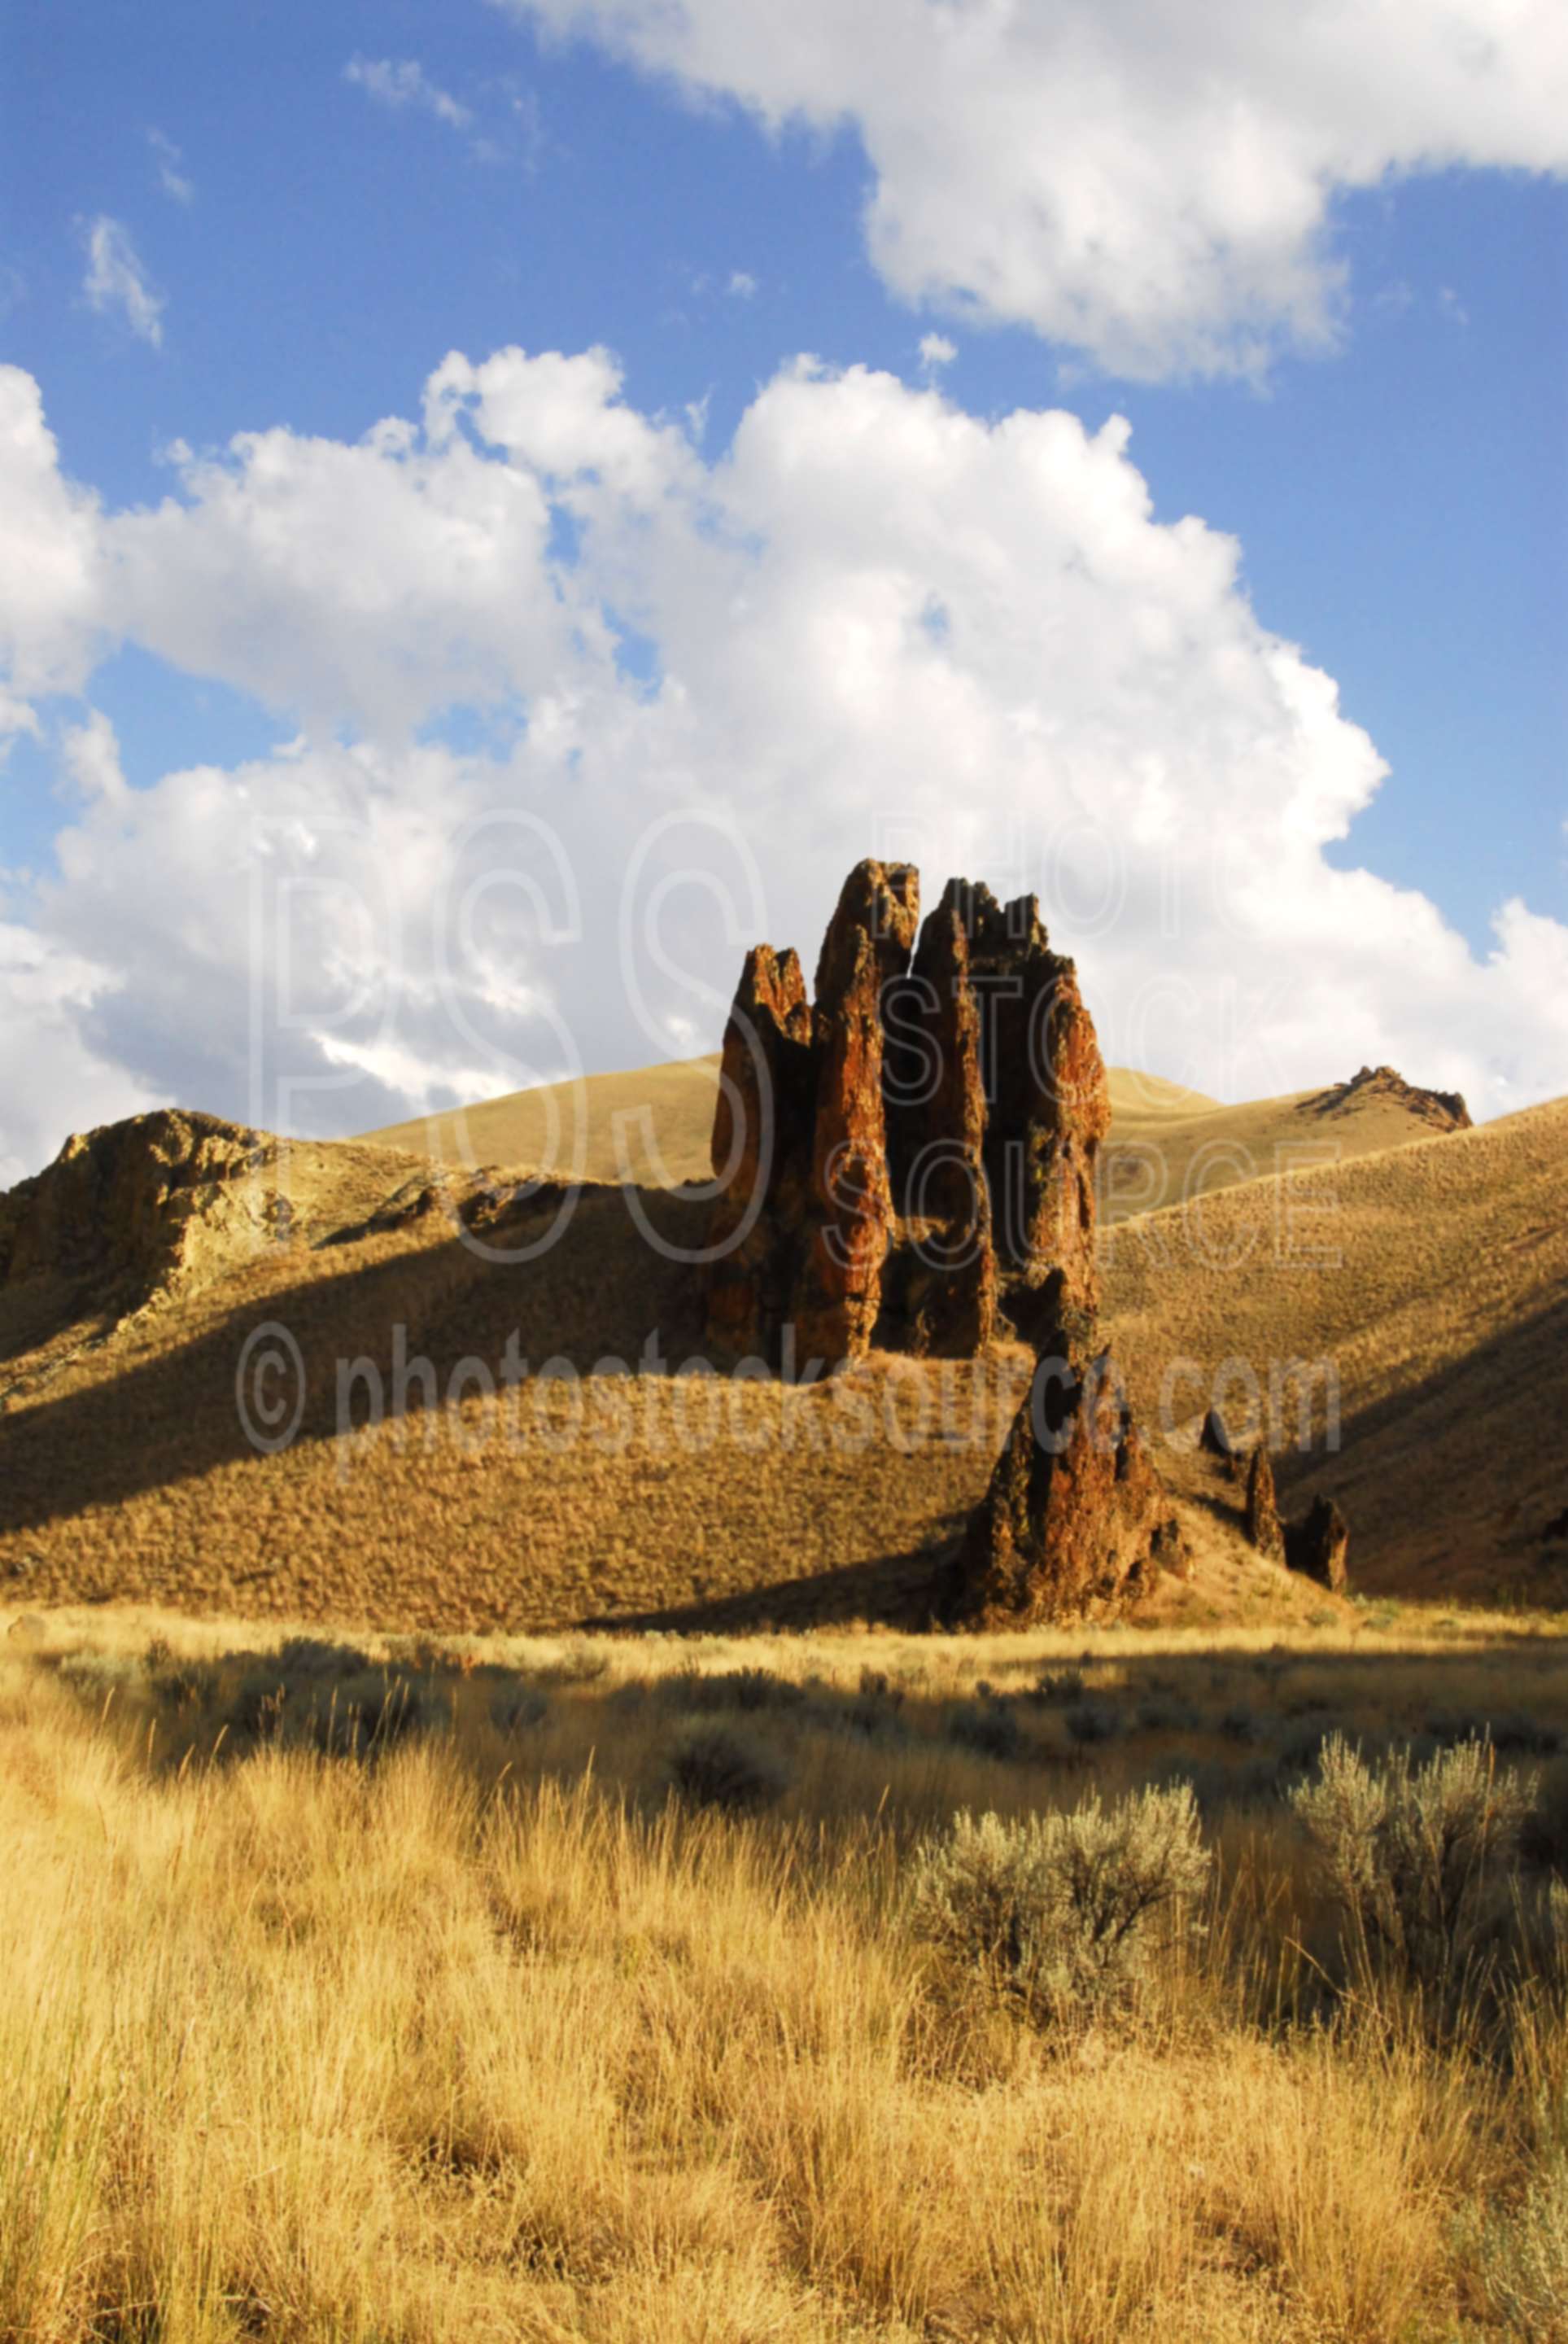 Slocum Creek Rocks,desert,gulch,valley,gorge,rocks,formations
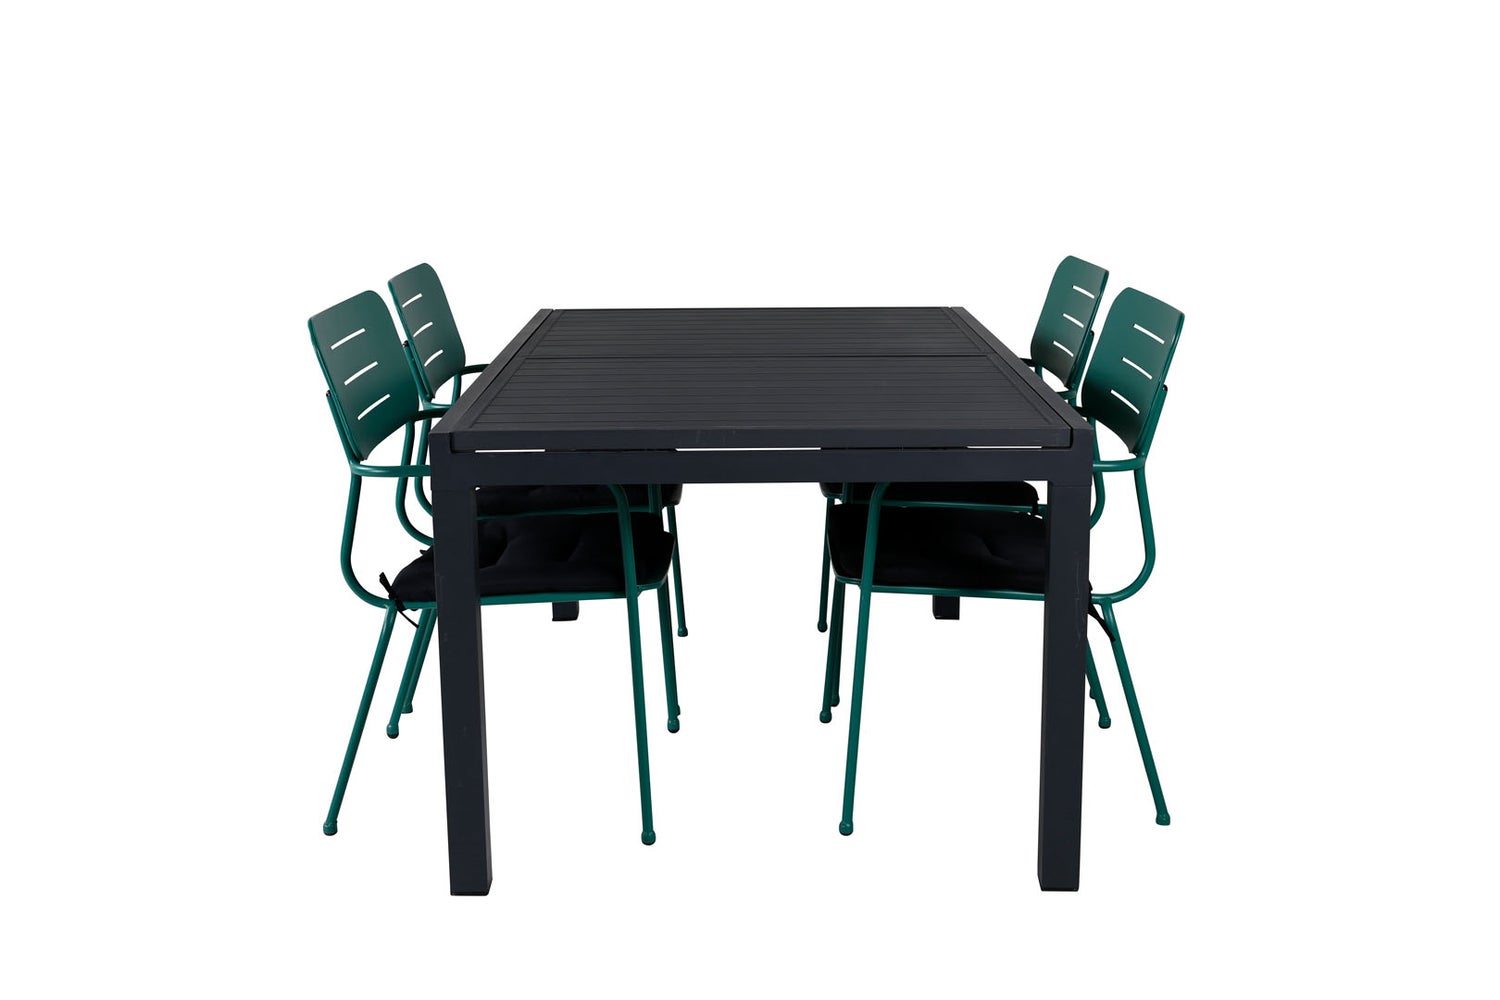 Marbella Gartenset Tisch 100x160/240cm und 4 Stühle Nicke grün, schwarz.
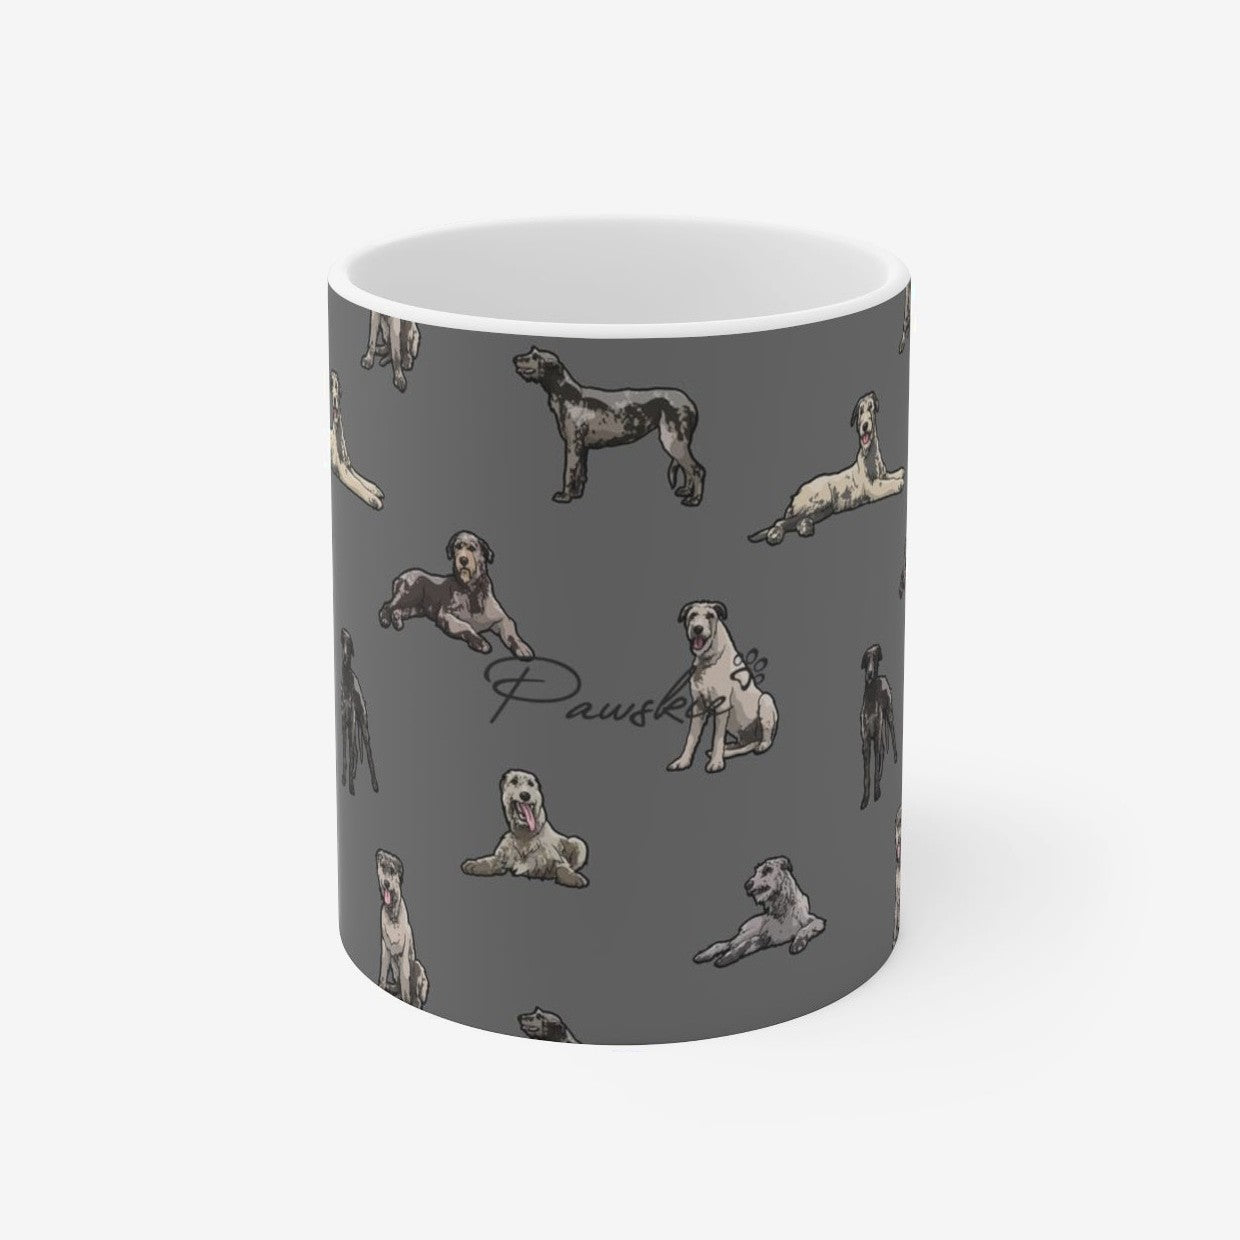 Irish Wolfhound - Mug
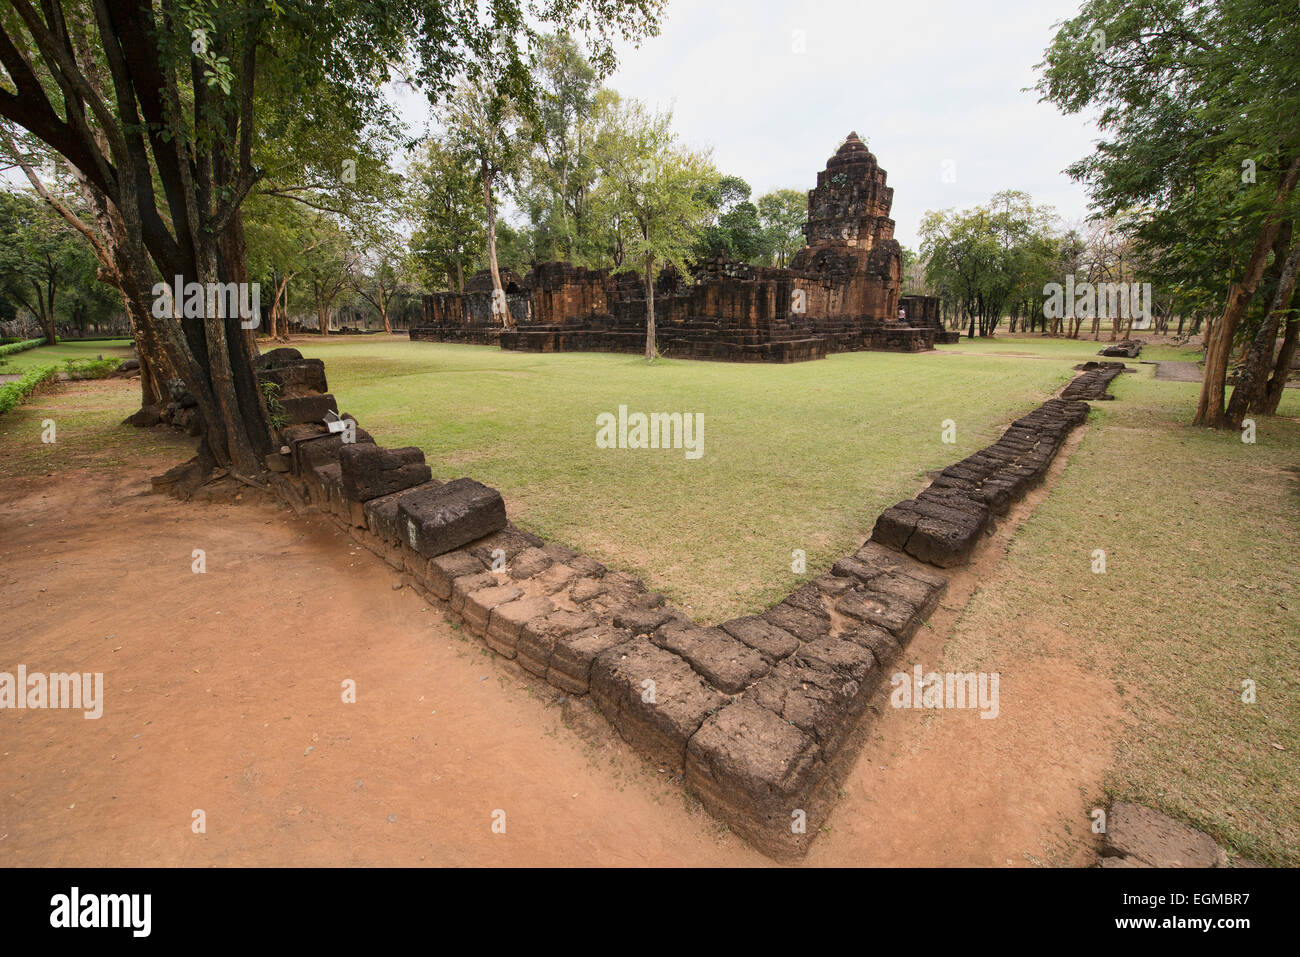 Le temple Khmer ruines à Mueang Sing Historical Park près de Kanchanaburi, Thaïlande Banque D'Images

Your objective » Please return the whole listing exactly. Do not copy its images.

Response box »
 Slocum Creek Rocks,desert,gulch,valley,gorge,rocks,formations
 Marbella Gartenset Tisch 100x160/240cm und 4 Stühle Nicke grün, schwarz.
 Irish Wolfhound - Mug
 Le temple Khmer ruines à Mueang Sing Historical Park près de Kanchanaburi, Thaïlande Banque D'Images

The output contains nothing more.